Split-thickness skin grafts (STSGs) may be harvested in a variety of ways.  The most commonly used technique involves a dermatome, which provides rapid, consistent harvest of large uniform-thickness grafts. Dermatomes are typically air-powered or electric, although manually operated devices exist. Commonly used dermatomes include the Padgett and Zimmer, among others. All of these dermatomes harvest with a rapidly oscillating blade. The thickness is easily adjusted on the instrument. The width is typically adjusted in 1- to 2-inch increments by applying blade guards of different widths. Lastly, the length is dictated by the surgical technique.

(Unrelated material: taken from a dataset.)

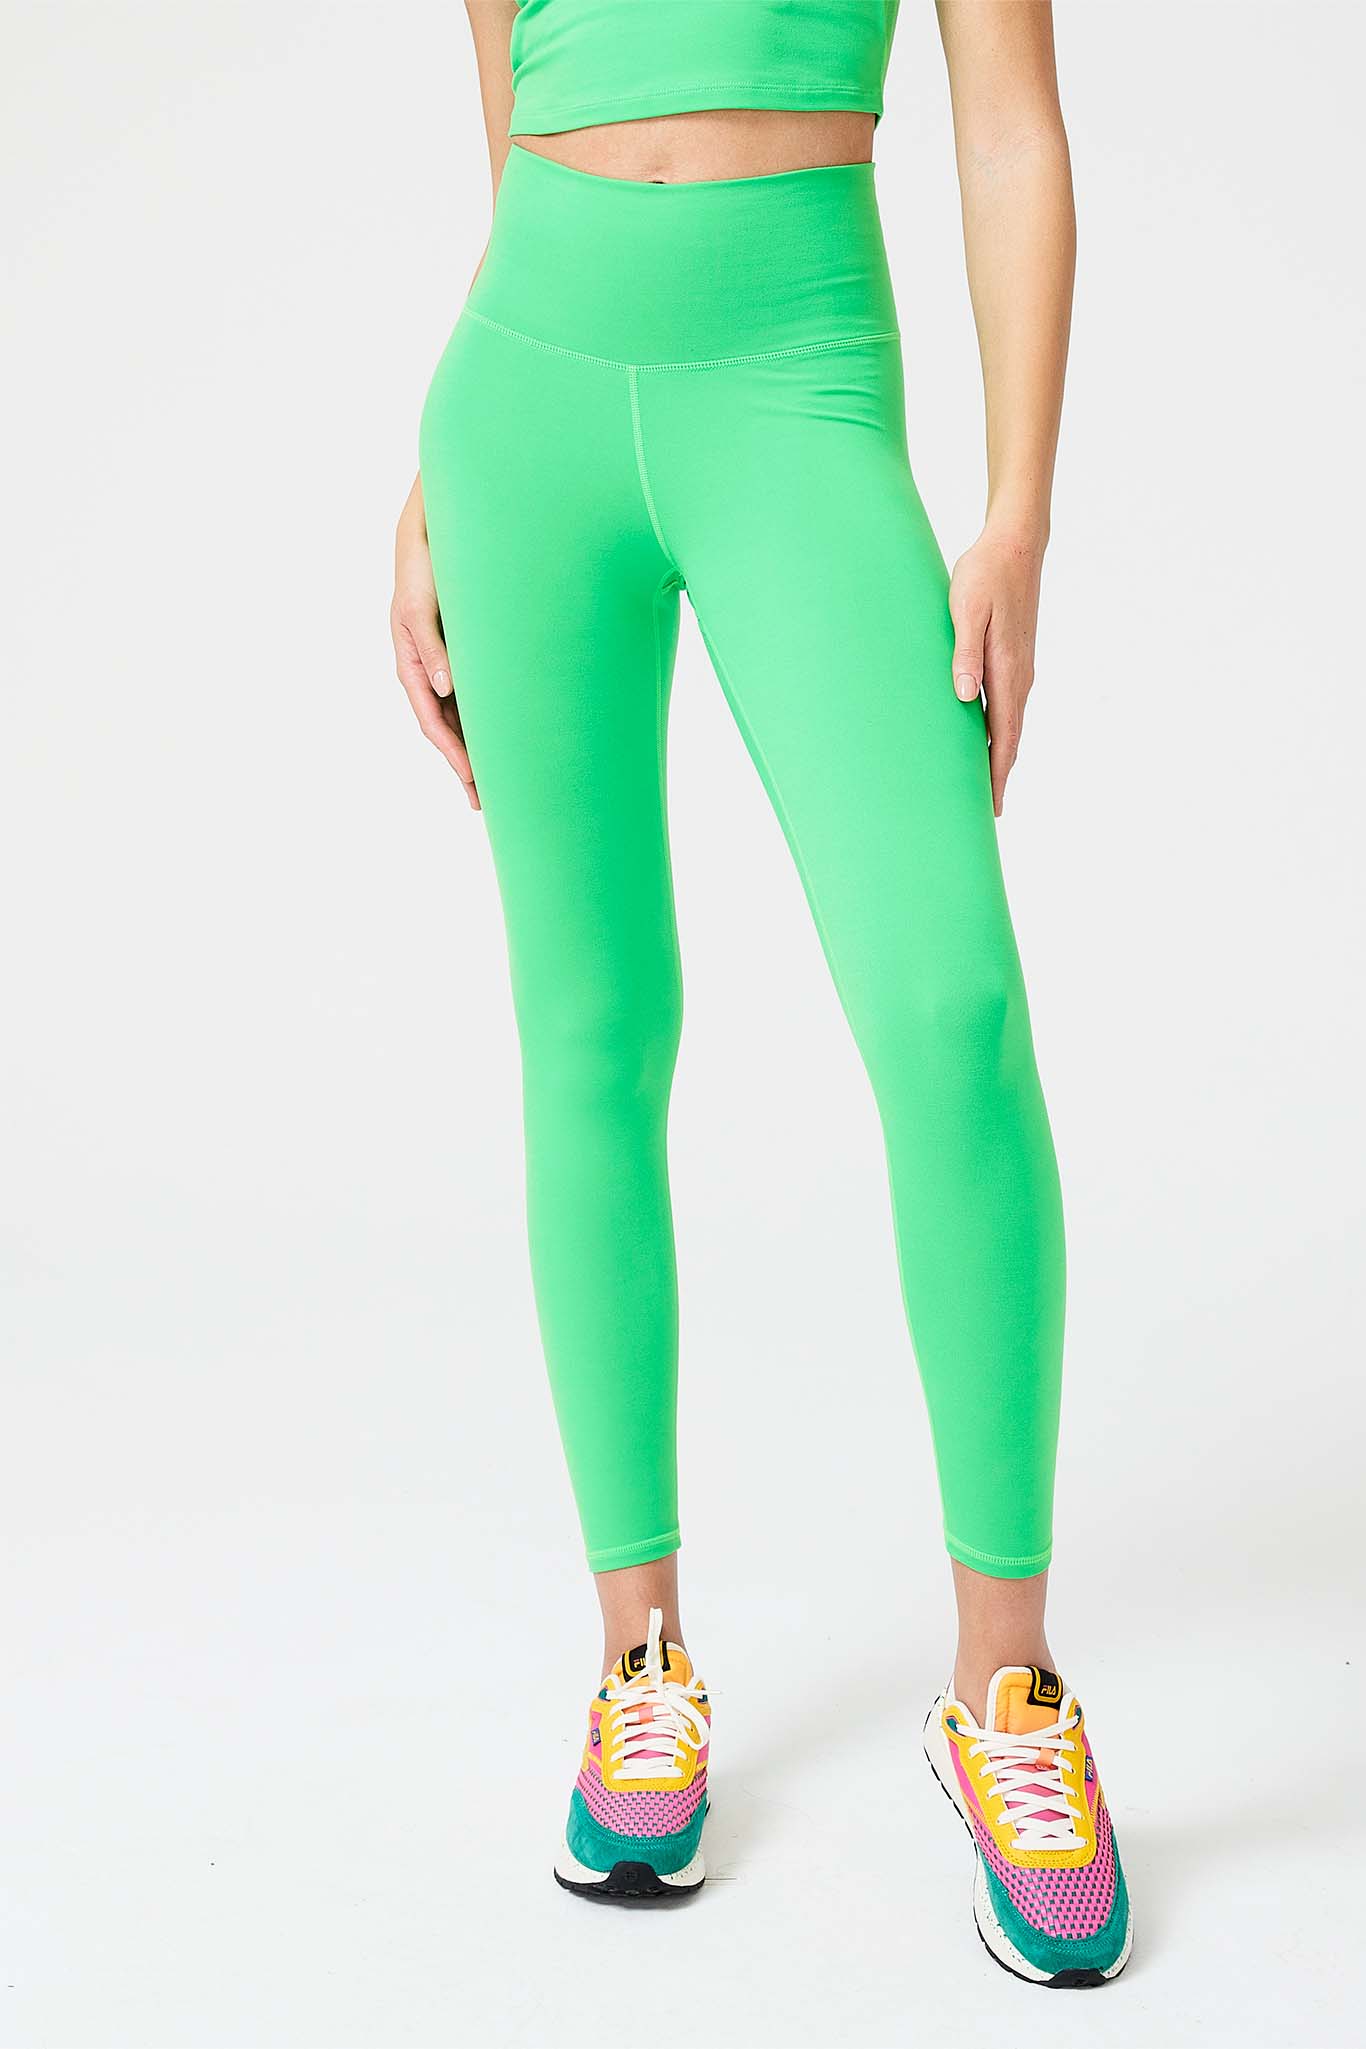 Vibrant Blue and Green Ombre Leggings

Regardless of technique, adequate anesthesia must be established because harvesting of skin grafts is a painful procedure. Lidocaine with epinephrine injected at the donor site may reduce blood loss and provide greater tissue turgor that assists in harvesting.
Surgeons must be familiar with the installation of the blade and depth settings and must check these before operating the device. The blade has a correct and an incorrect orientation, and inexperienced operating room personnel may easily confuse the two. Insertion of a Bard-Parker No. 15 scalpel blade (beveled edge) simulates a thickness of 0.015 inches (intermediate thickness) and can be used to quickly verify that depth settings are correct. Wash off Betadine or other agent to prepare the donor site to allow the device to easily slide over the skin. Avoid use of DuraPrep to prepare the donor site because its removal is difficult and it interferes with smooth advancement of the dermatome over donor skin. To this end, lubricating the skin and dermatome with mineral oil allows easy gliding of the dermatome. These substances may be gently washed from the graft with saline following harvesting and do not compromise graft survival. 
The dermatome is held in the dominant hand of the operator at a 30-45° angle from the donor skin surface. Greater angulation of the dermatome leads to gouging or trenching of the donor site skin. With the nonoperating hand providing traction behind the dermatome, the assistant provides traction in front of the dermatome to help stretch and flatten the skin. The dermatome is running when it engages the skin surface and is then advanced in a smooth continuous motion over the skin with gentle downward pressure. After an appropriate length has been harvested, the dermatome is tilted away from the skin and lifted off of the skin to cut the distal edge of the graft and complete the harvesting.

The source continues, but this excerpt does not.